At this point it might be useful to include some information
about ISO country codes:
"NOTE: A maintenance agency exists for ISO 3166 which makes
additions to and changes in the list of countrys and other
geopolitical areas in ISO 3166. This agency is:
ISO 3166 Maintenance Agency Secretariat
c/o DIN Deutsches Institut fuer Normung
Burggrafenstrasse 6
Postfach 1107
D-1000 Berlin 30
Germany
Phone: +49 30 26 01 320
Fax: +49 30 26 01 231
NOTE: ISO 3166 reserves these country codes as
user-assigned codes: AA, QM--QZ, XA--XZ, ZZ."
2. MEANING
A better heading, showing that this section only has MIME
significance, would be:
"Meaning of the Language header"
The meaning of the header is:
- For a single information object, it should be taken as the
set of languages that is required for a complete
comprehension of the complete object. Examples: Simple text.
- For an aggregation of information object, it should be taken
Change "object" to "objects", "Examples" to "Example".
as the set of languages used inside components of that
aggregation. Examples: Document stores and libraries.
Should we not have a MIME example here? I propose:
"Example: MIME Multipart/Digest."
- For information objects whose purpose in life is providing
alternatives, it should be regarded as a hint that the
material inside is provided in several languages, and that
one has to inspect each of the alternatives in order to find
its language or languages. In this case, multiple languages
need not mean that one needs to be multilingual to get
complete understanding of the document. Examples: MIME
multipart/alternative.
Change "Examples" to "Example".
EXAMPLES:
I think the examples here will be more illustrative if also a
Content-Type: header is included.
Norwegian official document, with parallel text in both
official versions of Norwegian. Both versions are readable by
all Norwegians.
Add: Content-Type: multipart/mixed
Content-Language: no-nynorsk, no-bokmaal
Voice recording from the London docks
Add: Content-Type: audio/basic
Content-Language: en-cockney
Document in Sami, which does not have an ISO 639 code, and is
spoken in several countries, but with about half the speakers
in Norway
Not only is Sami (formerly called Lappish) a native language for
people in four countries, it is also split into at least six
dialects which are not mutually understandable. Probably several
of these dialects will be registered with different subtags to
"iana". I suggest the following is added to the text above:
"Here the biggest dialect, North Sami, is used."

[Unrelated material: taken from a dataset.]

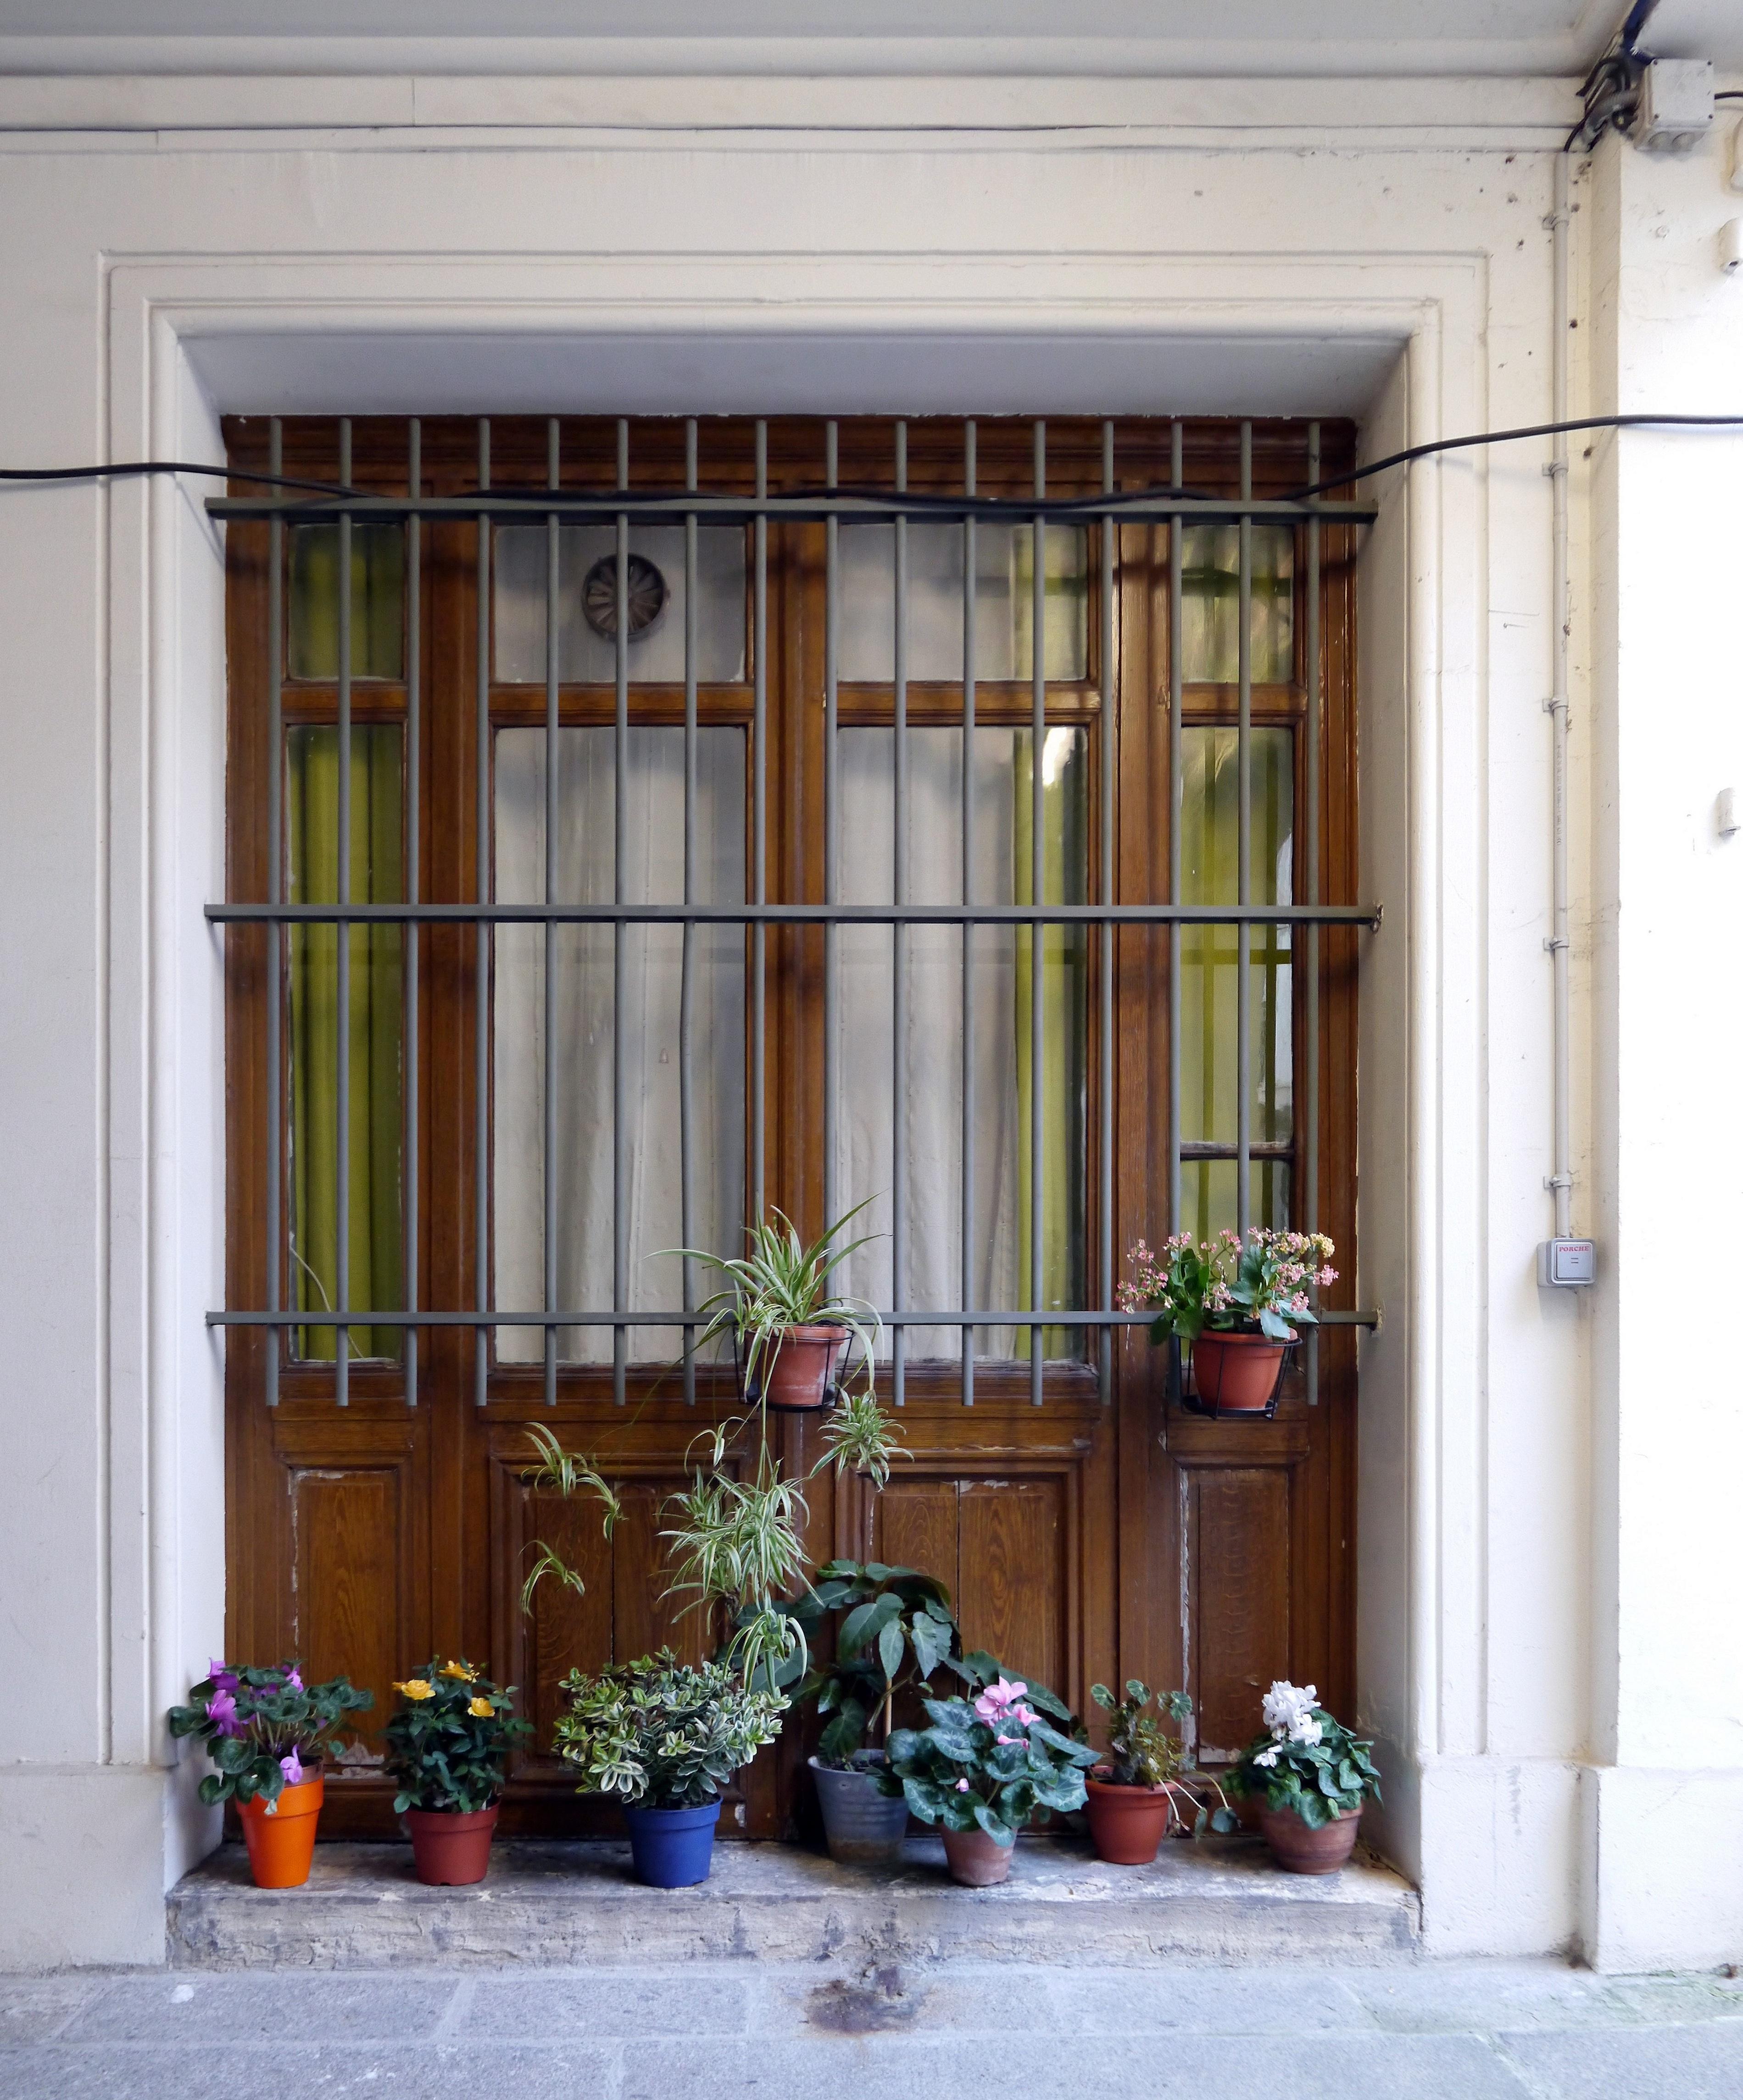 file window rue de rochechouart paris wikimedia commons. Black Bedroom Furniture Sets. Home Design Ideas

Also, add: Content-Type: text/plain; charset=ISO-8859-10
Content-Language: iana-sami
Change to: Content-Language: iana-samino
An English-French dictionary
Add: Content-Type: text/plain; charset=ISO-8859-1
Content-Language: en, fr (This is a dictionary)
An official EC document (in a few of its official languages)
This description should be amended with:
"In this case it is necessary to know only one of the
languages to get a full understanding of the document."
Add: Content-Type: multipart/alternative
Content-Language: en, fr, de, da, el, it
Here I would like to add two new examples:
"An English text including untranslated passages in German.
Understanding of both English and German is essential.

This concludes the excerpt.